According to the website:
"Our structure as part of a privately-held partnership, rooted in Swiss tradition, gives our independent asset management business the freedom to concentrate on the long-term view, without the pressure of external shareholders. This allows us to give you our undivided attention, offer pioneering strategies and deliver successful investment performance."
So why is a secretive Swiss Asset Manager shorting us? Dori. any thoughts?
"So why were you not here crying out that Frumkin was lying at the last trading update guiding the market that Metro Bank had returned to profit and was now firmly reaping the fruit of its recovery?"
In terms of lying. i do believe there may be a case for litigation. In the prospectus the bank guided to low single digit ROTE in 2024, despite knowing the catastrophic impact of losing those deposits. So maybe rather than hoping they can turn it round the value play might be to sue them.
"So why didn't you take your own advice and not invest in Metro Bank last year if you thought it was a shoddy poorly led business?"

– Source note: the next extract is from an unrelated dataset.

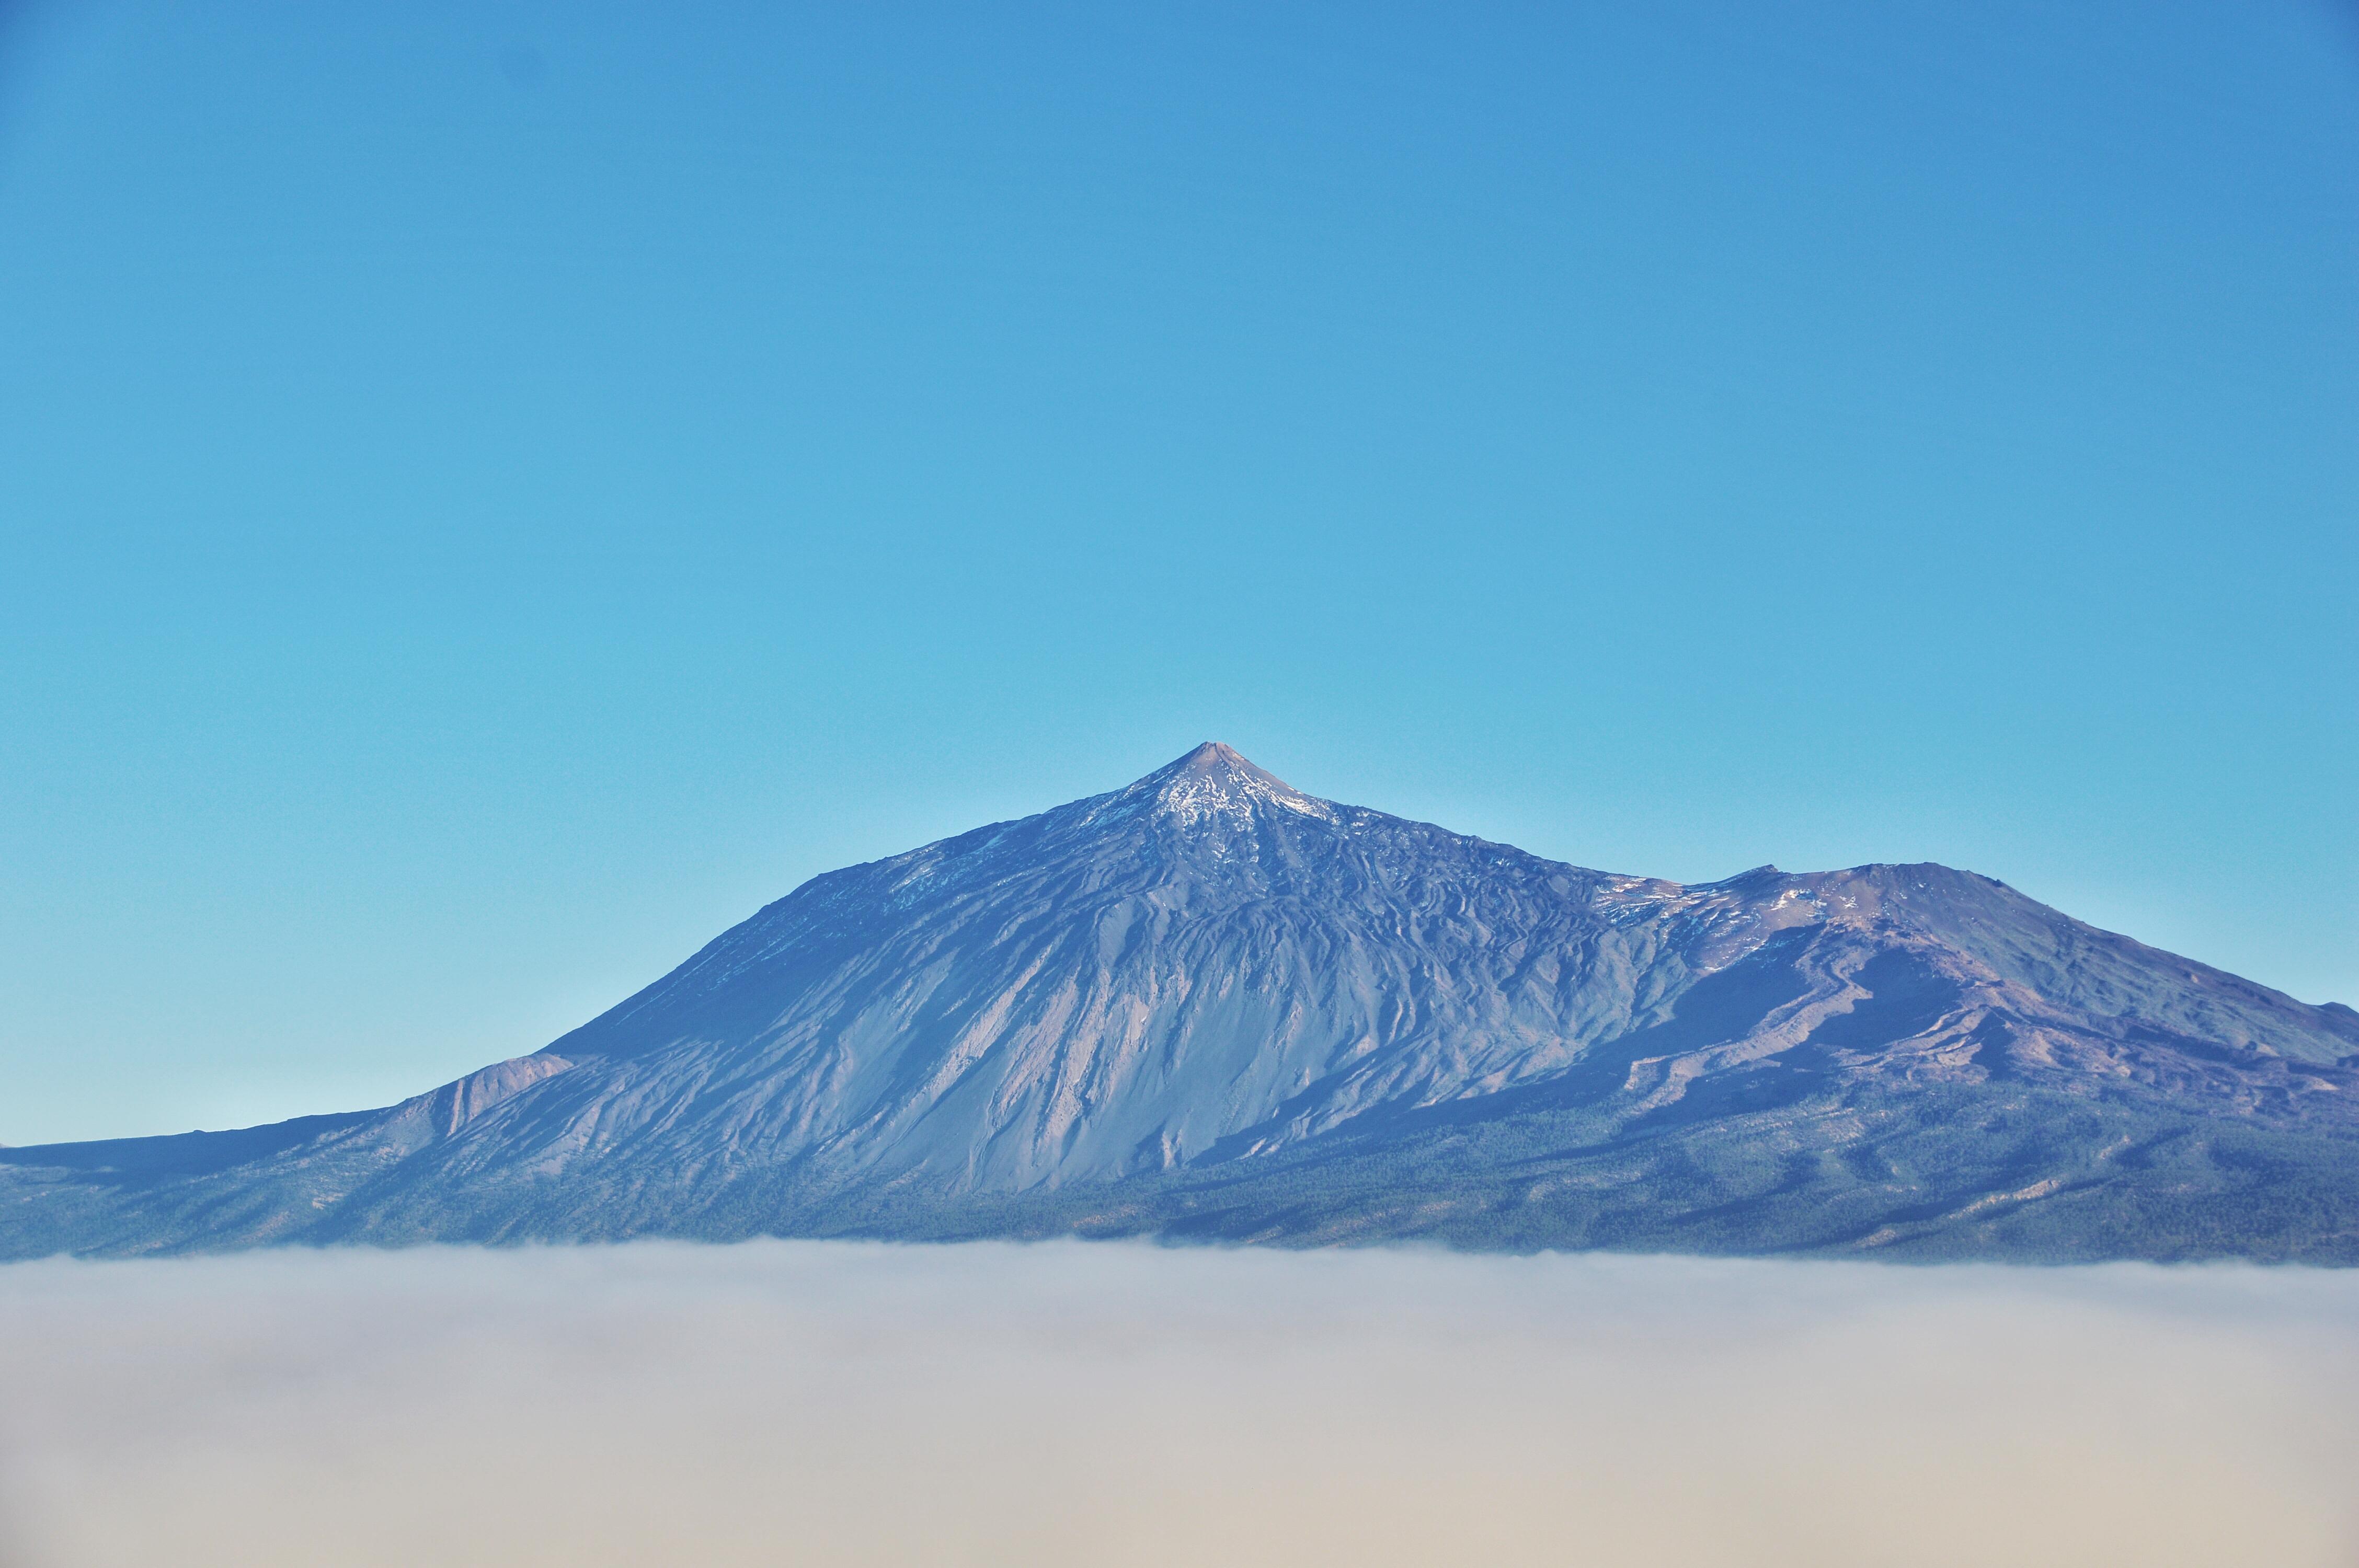 Pico del Teide & The sea of clouds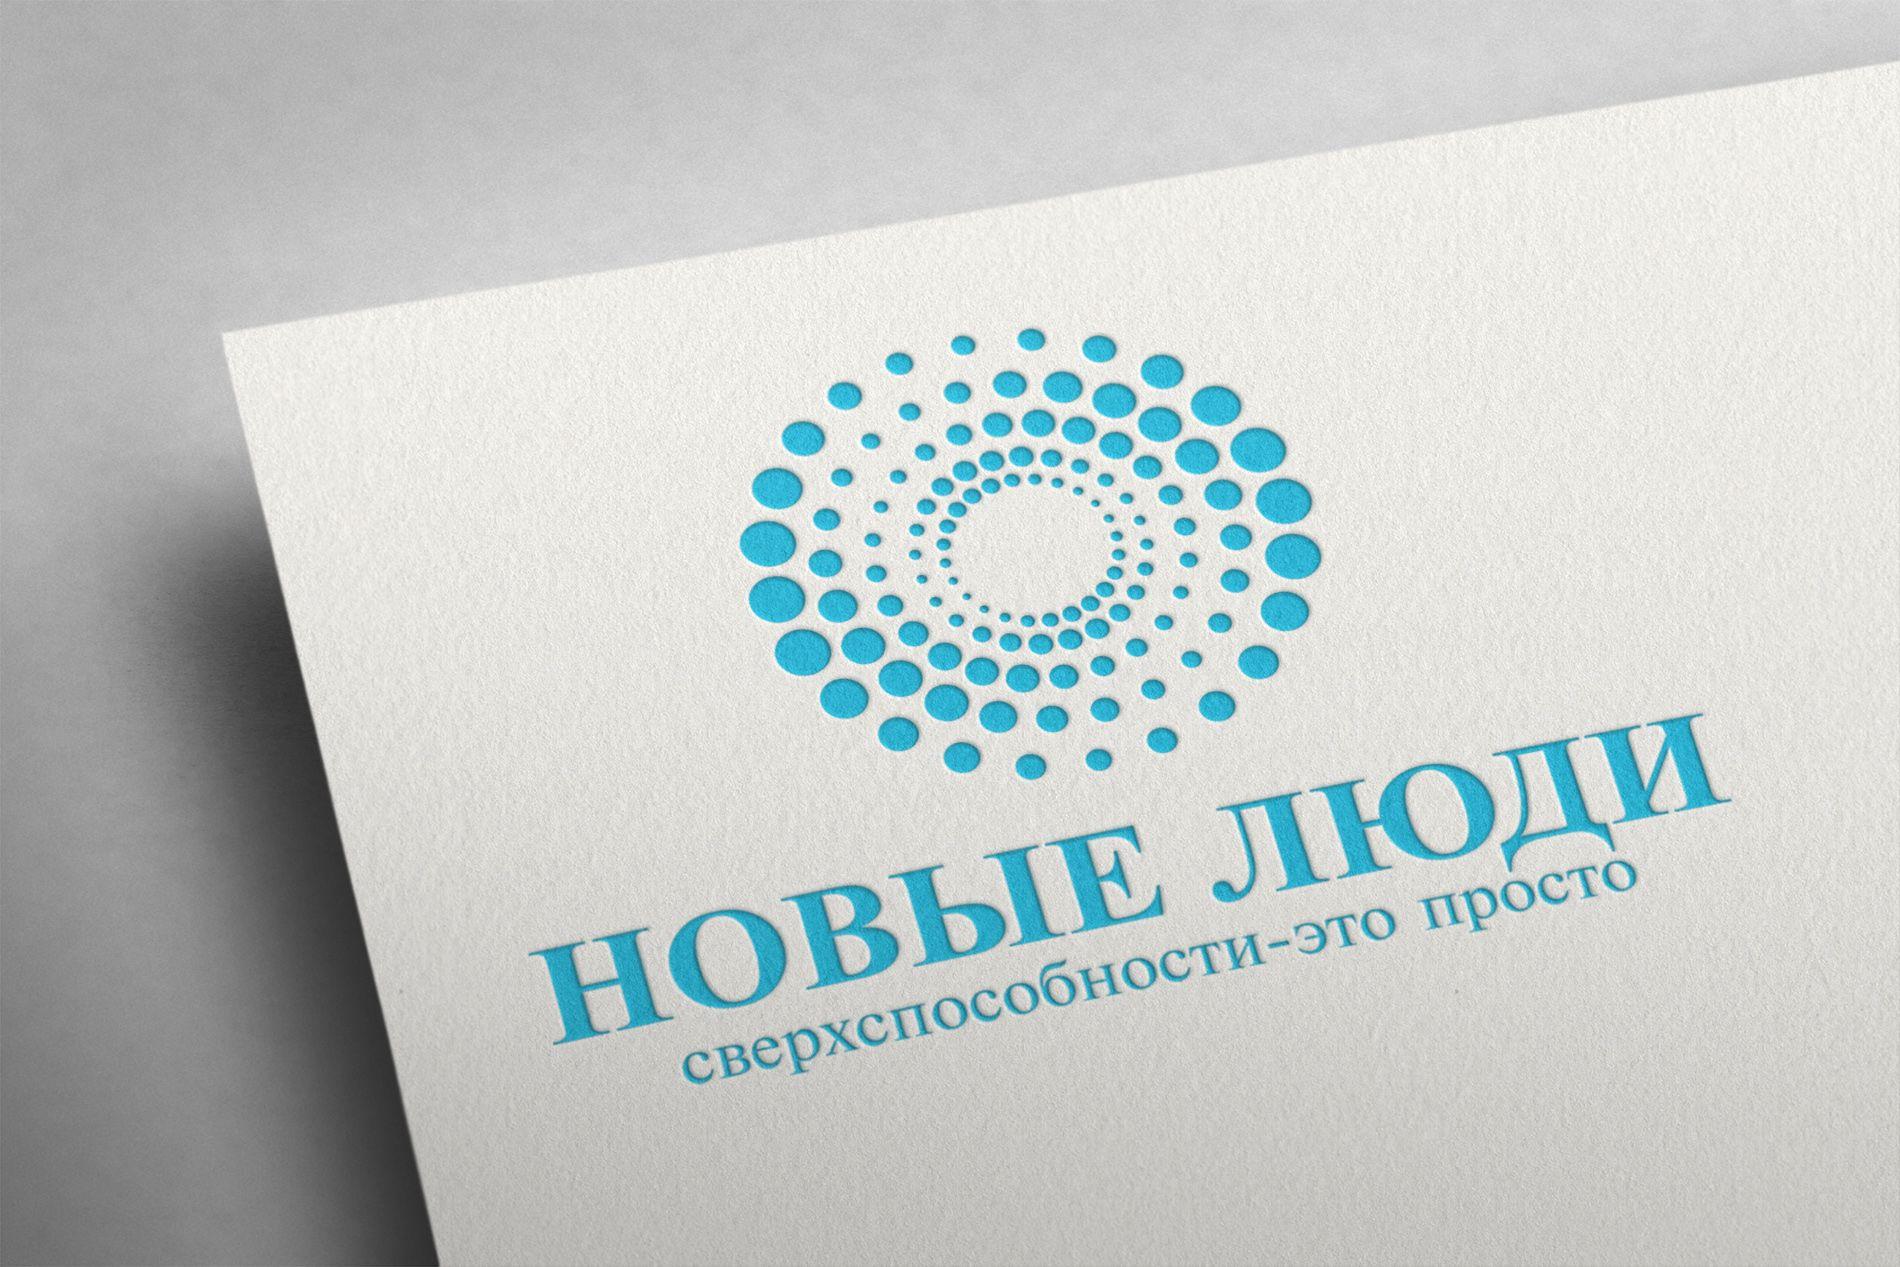 Лого и стиль тренингового центра/системы знаний - дизайнер La_persona

Because i genuinely thought that in a rising rate environment it was impossible to mess it up. From Dec 19- Dec 22 the bank had grown current account balances from £4.3b to £7.9b. Not i should say, because of anything Frumkin did. But people opened current accounts, and during Covid, kept a load of deposits on them. All they had to do is keep their fair share of them by not messing up. But they did. They lost all that value because the CEO was a clueless baffoon. And now he thinks by sacking everyone and destroying the model that generated those deposits, he can save his skin. But it just doesn't work. You cant shrink your way to glory with a sub scale current account business.